## Data
+++++

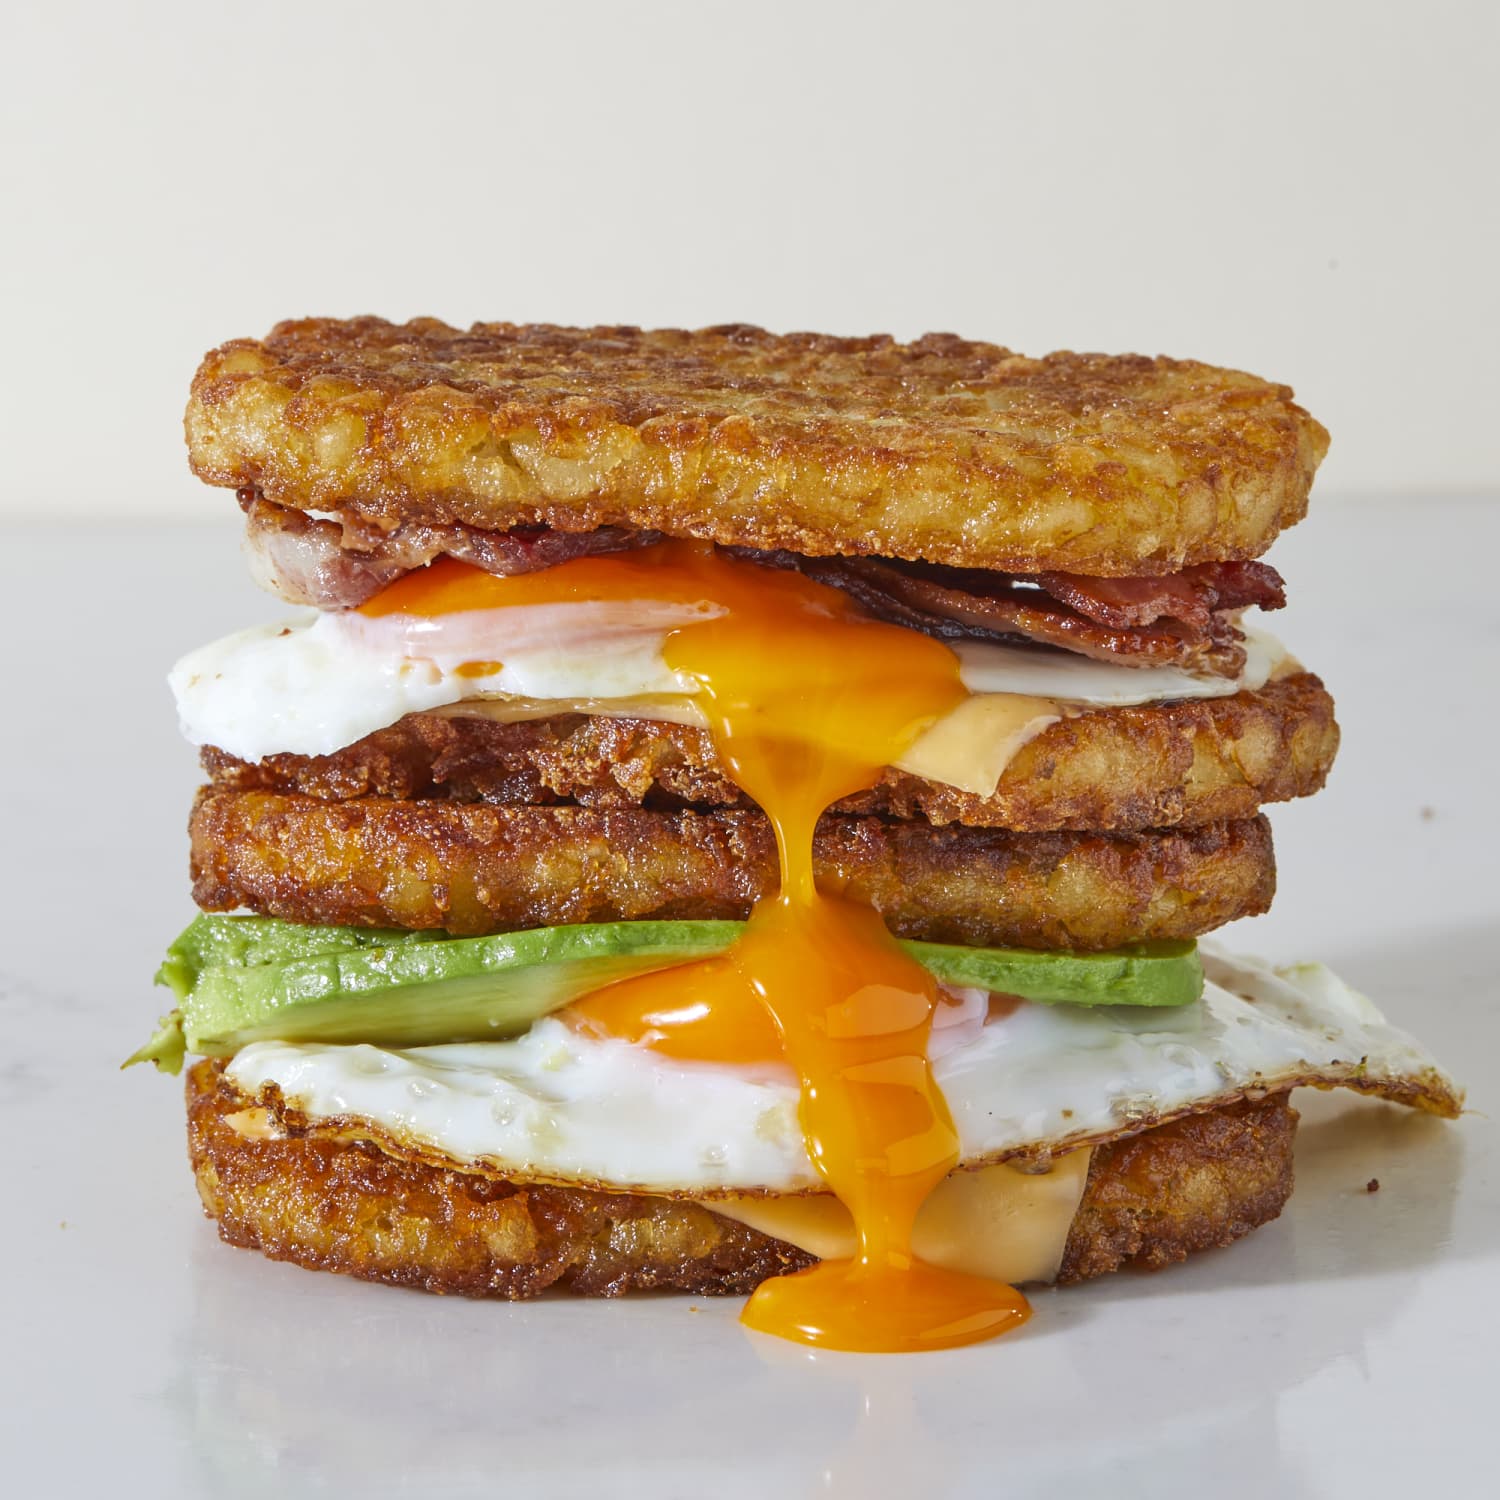 https://cdn.apartmenttherapy.info/image/upload/f_jpg,q_auto:eco,c_fill,g_auto,w_1500,ar_1:1/k%2F05-2023-Hashbrown-breakfast-sandwich%2Fhashbrown-bfast-sandwich-5232
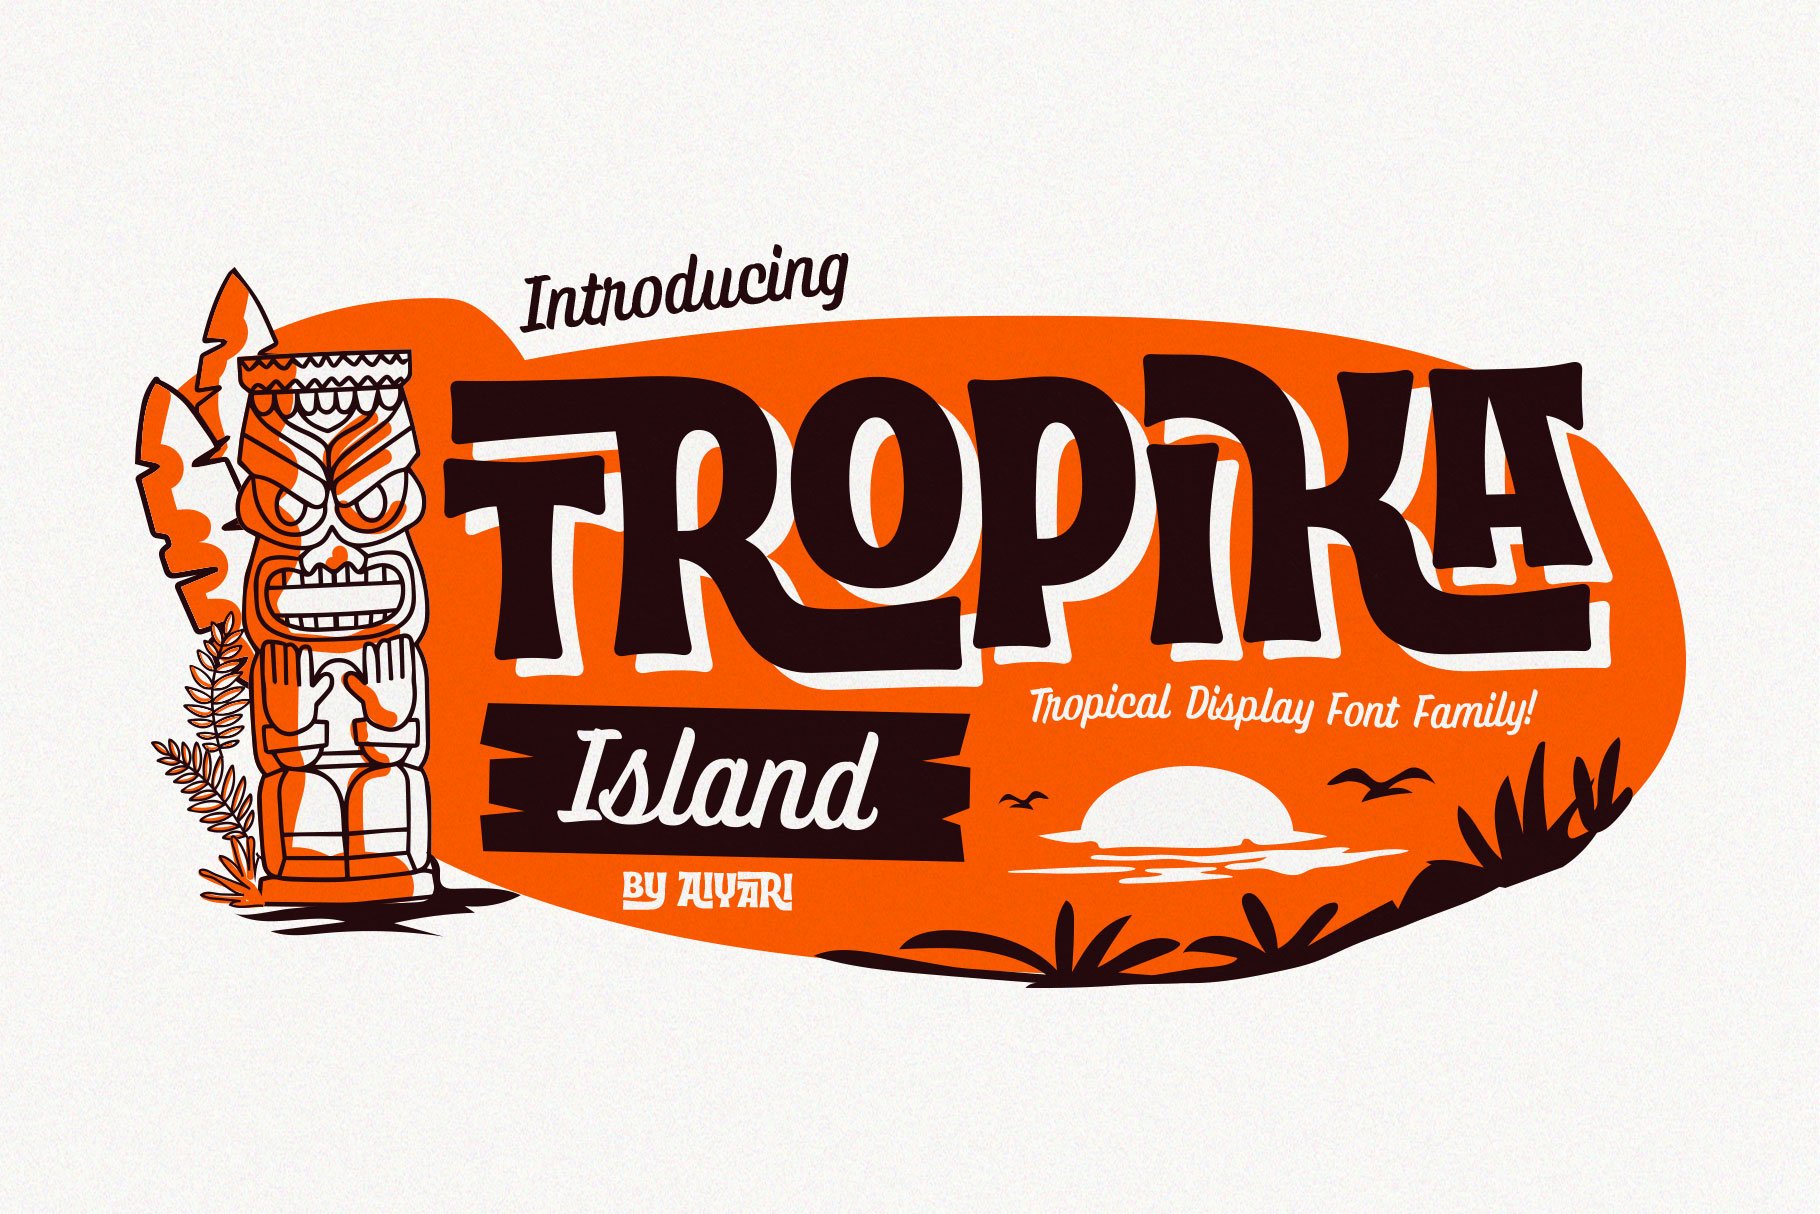 Tropika Island Font Family cover image.
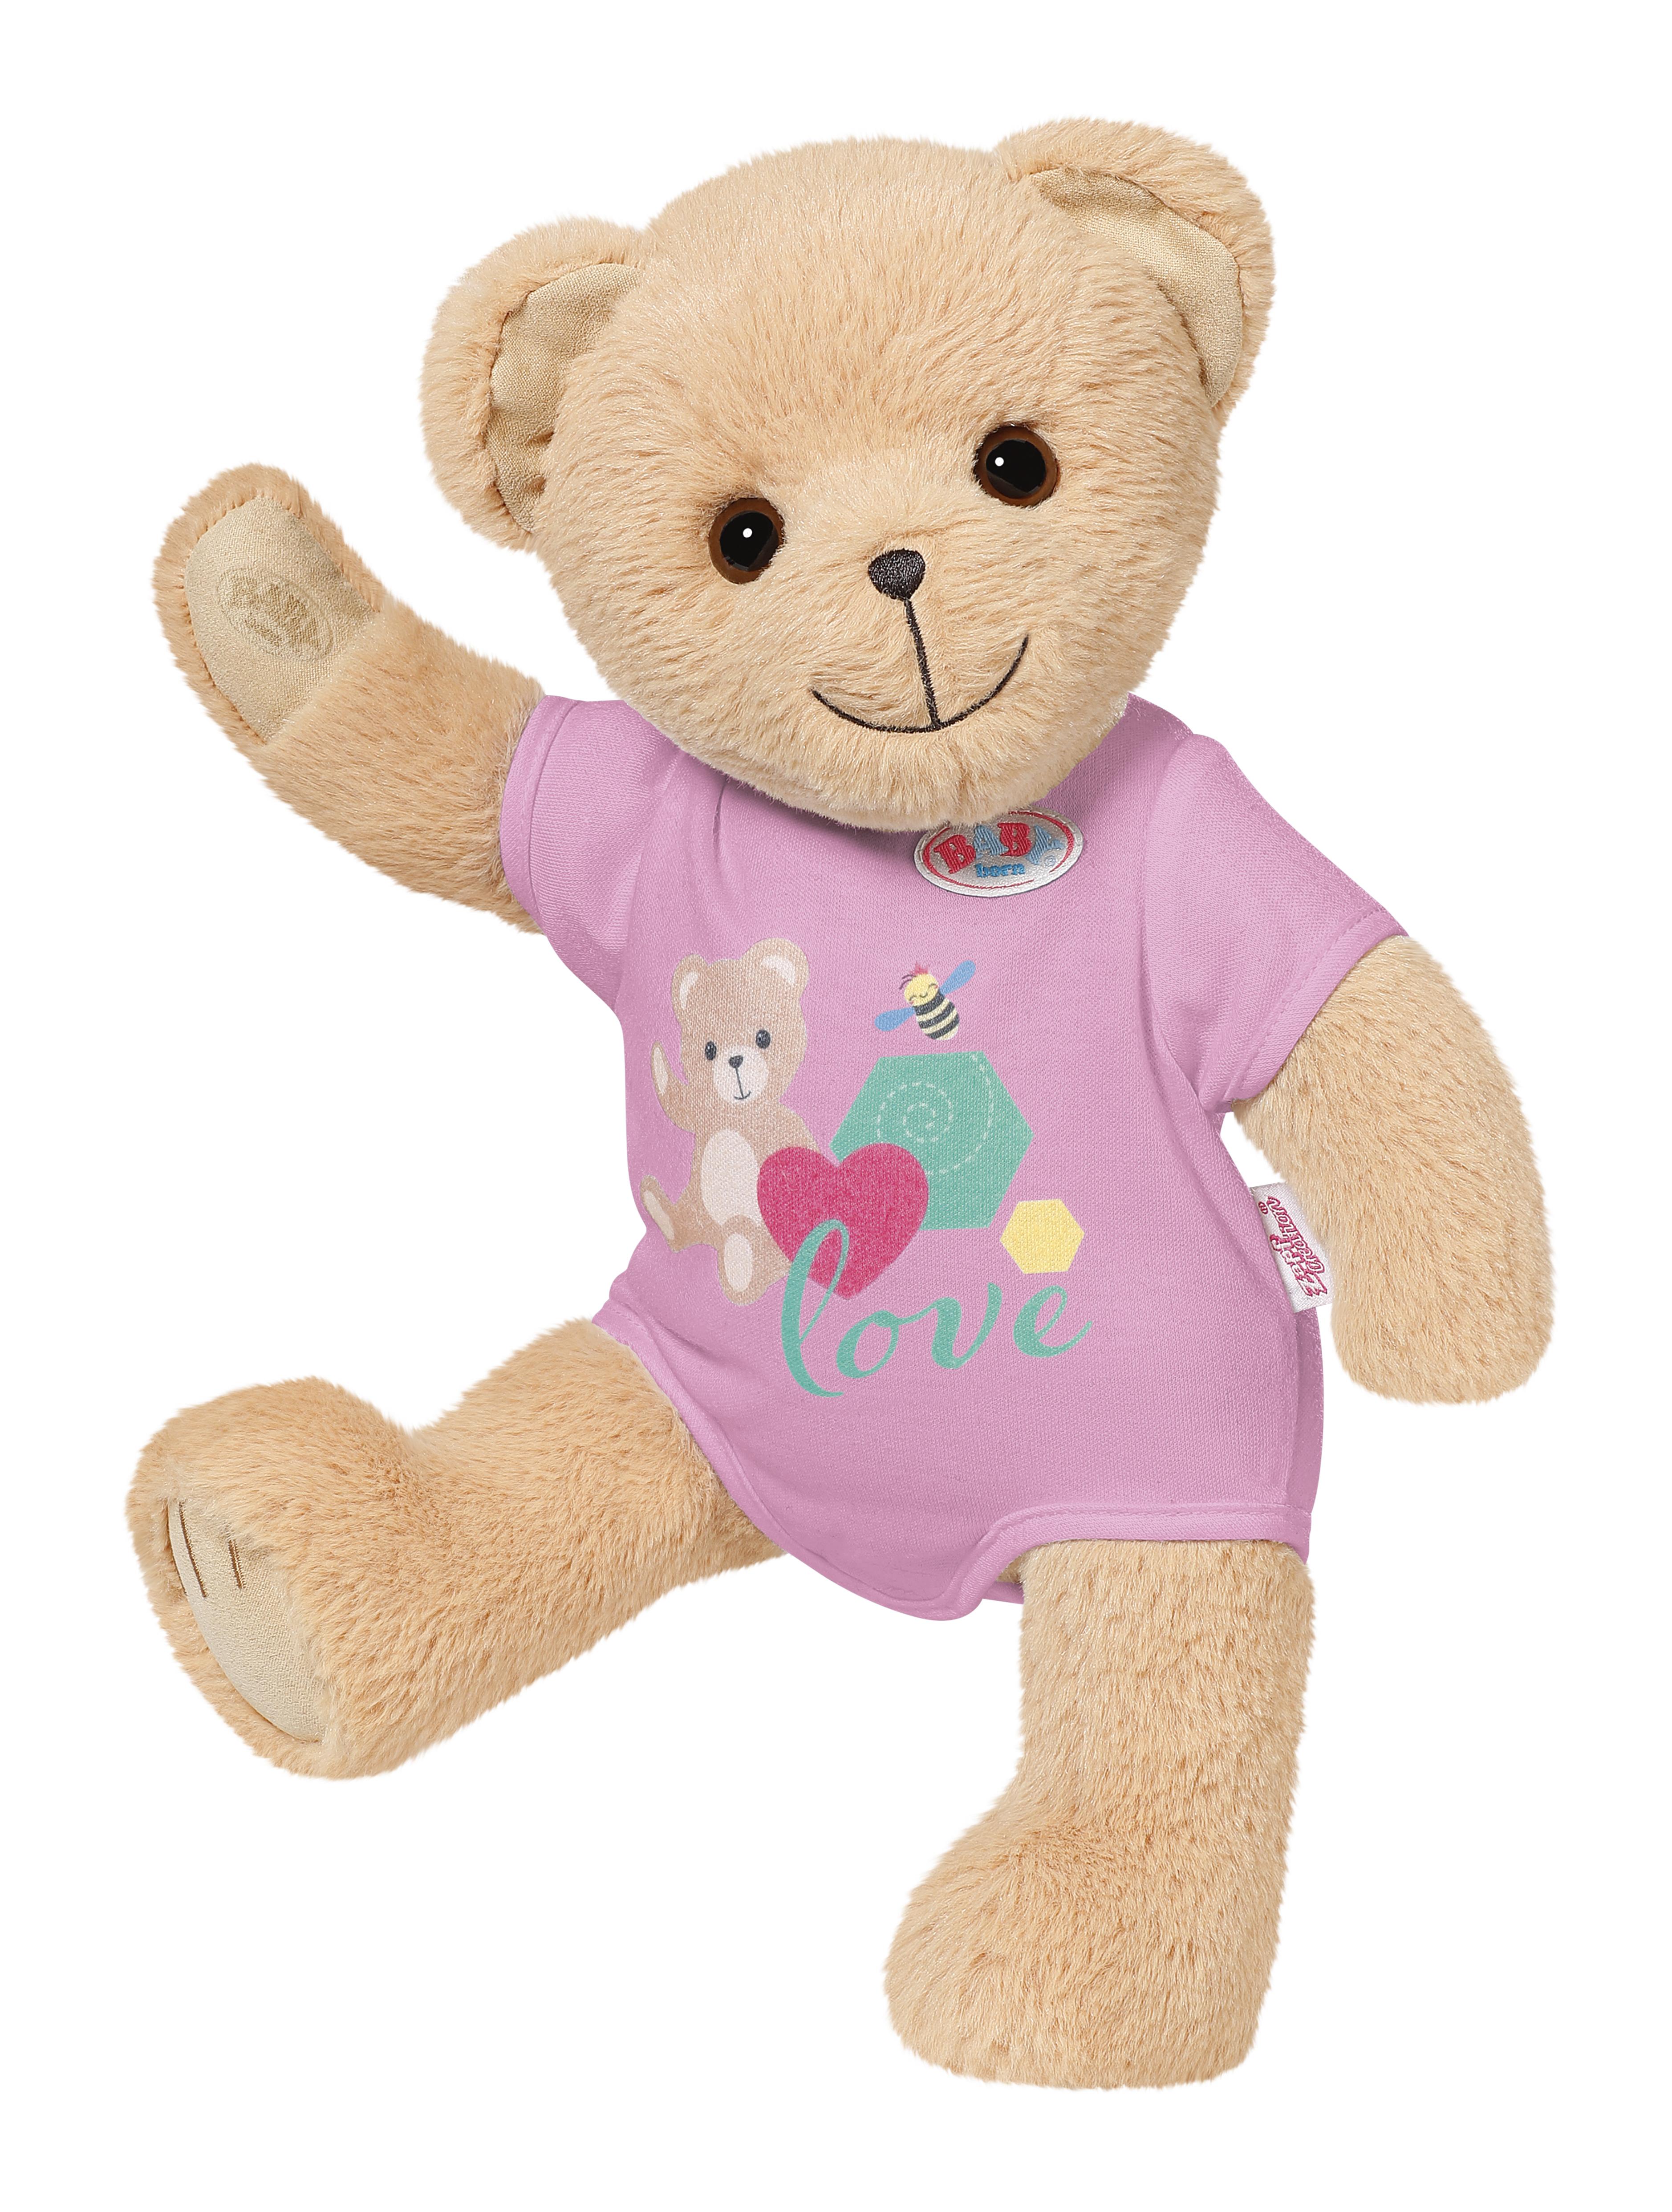 BABY born - Bear pink 36cm (835609) - Leker
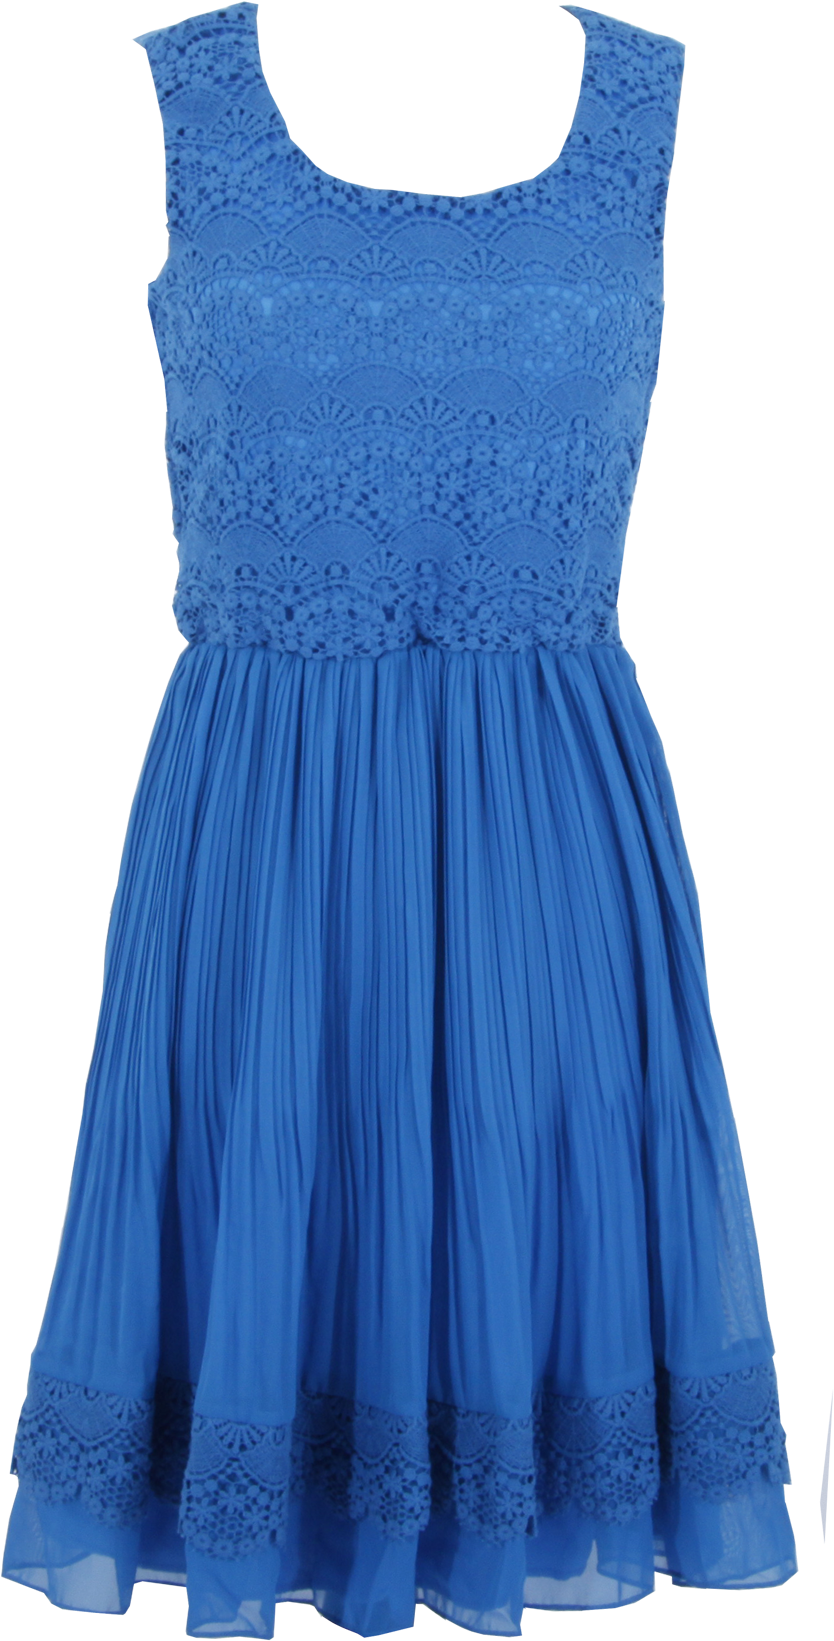 Blue Lace Skater Dress PNG

+++++

Write the material out again word for word and omit any images.

 https://cdn.apartmenttherapy.info/image/upload/f_jpg,q_auto:eco,c_fill,g_auto,w_1500,ar_1:1/k%2F05-2023-Hashbrown-breakfast-sandwich%2Fhashbrown-bfast-sandwich-5232
 Tropika Island Font Family cover image.
 BABY born - Bear pink 36cm (835609) - Leker
 Blue Lace Skater Dress PNG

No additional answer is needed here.